No attempt is made in this paper to develop the new theory. If such a theory is to be developed it will take scholars (perhaps many scholars), writing books (perhaps many books), over years (perhaps many years). But, a "journey of a thousand miles begins with a single step" -- so states the old proverb. The objective of this paper is to lay the foundation for that "first step".


This is not a scholarly paper, at least in the conventional sense. It does not include an extensive review of literature nor is it heavily referenced. This paper is a product of a long intellectual journey. There was no initial intent to take this trip or to arrive at this destination. Thus, no journal was kept to document either the route taken or the many people who have unknowingly provided guidance along the way. Ultimately, the journey may need to be retraced.

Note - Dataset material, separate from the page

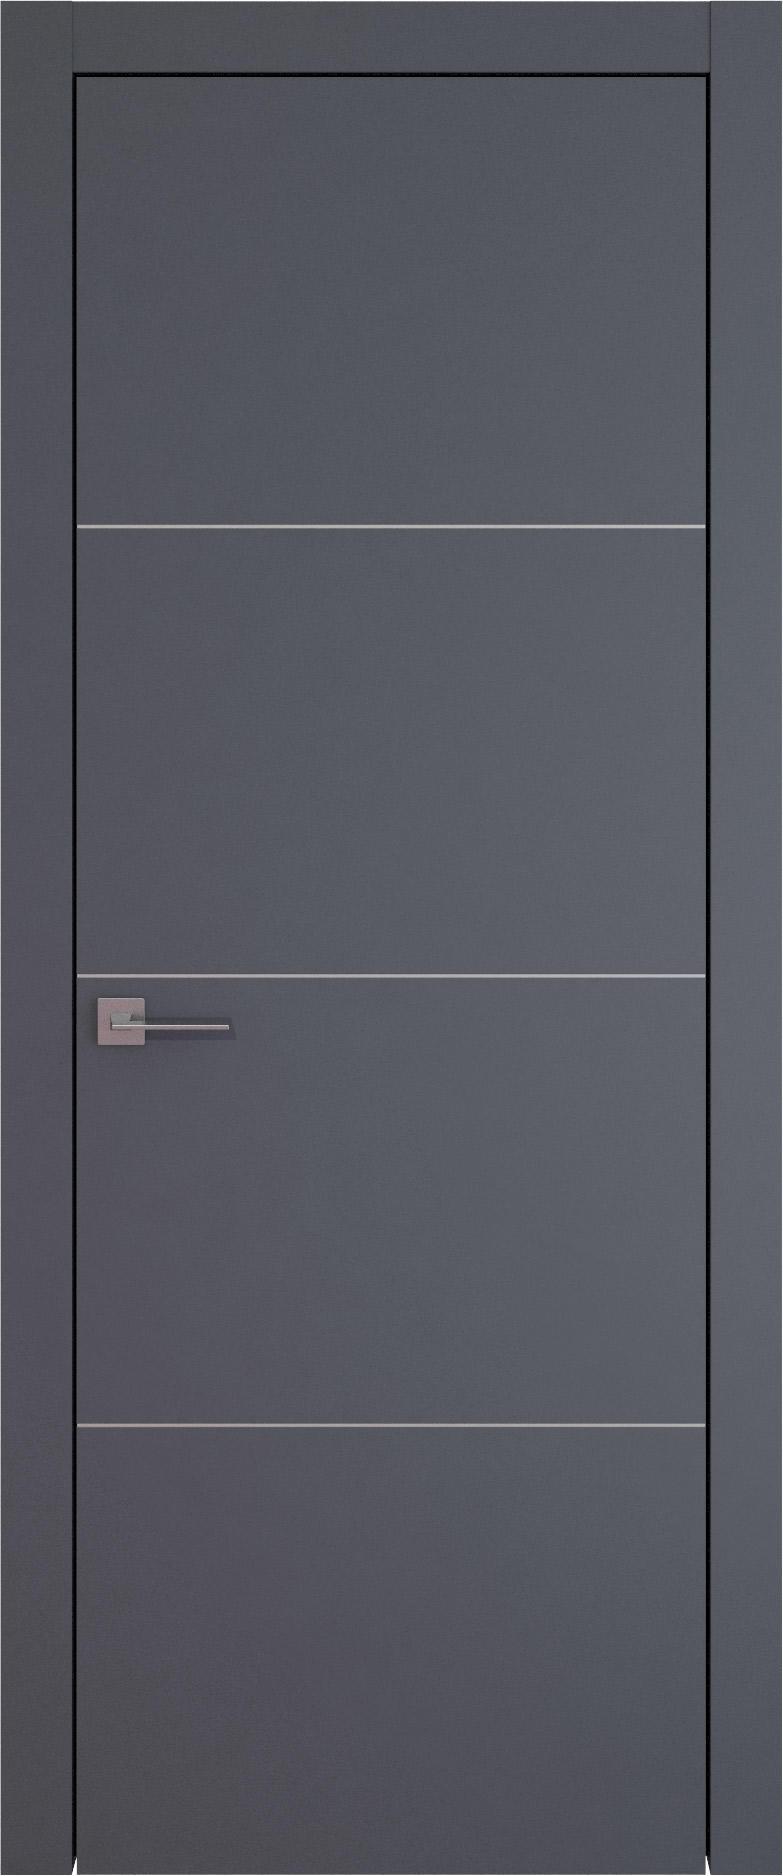 Tivoli Г-3 цвет - Графитово-серая эмаль (RAL 7024) Без стекла (ДГ)

But for now, I will simply not claim anything here to be original with me. I quite likely discovered it all in the work of someone else. All I have done is rearranged it. I will cite specific sources in the text -- in cases where I can recall them and find them. I will also provide a reference list at the end with as many sources as I can remember that have added significantly to my thinking. For now, I only hope to provide a compass for more scholarly works that might follow.

Toward an Economics of Sustainability

John E. Ikerd
University of Missouri
January, 1997


The Issue of Sustainability

Sustainability is a long run, people-centered concept. There have been many attempts to define sustainability, but most are rooted in the general concept of intergenerational equity. Sustainable development, as used in this paper, means meeting the needs and wants of people of the current generation while leaving equal or better opportunities for people of generations to follow. What is to be sustained? -- development of resources: natural, human, and economic. What is the purpose of development? -- positive change or human progress, not necessarily growth in numbers or size. Who is to benefit from such development? -- people of the current generation and of generations to follow. For how many generations is development to be sustained? -- for all future generations, forever. Thus, sustainability is about sustaining a desirable quality of life for people, forever.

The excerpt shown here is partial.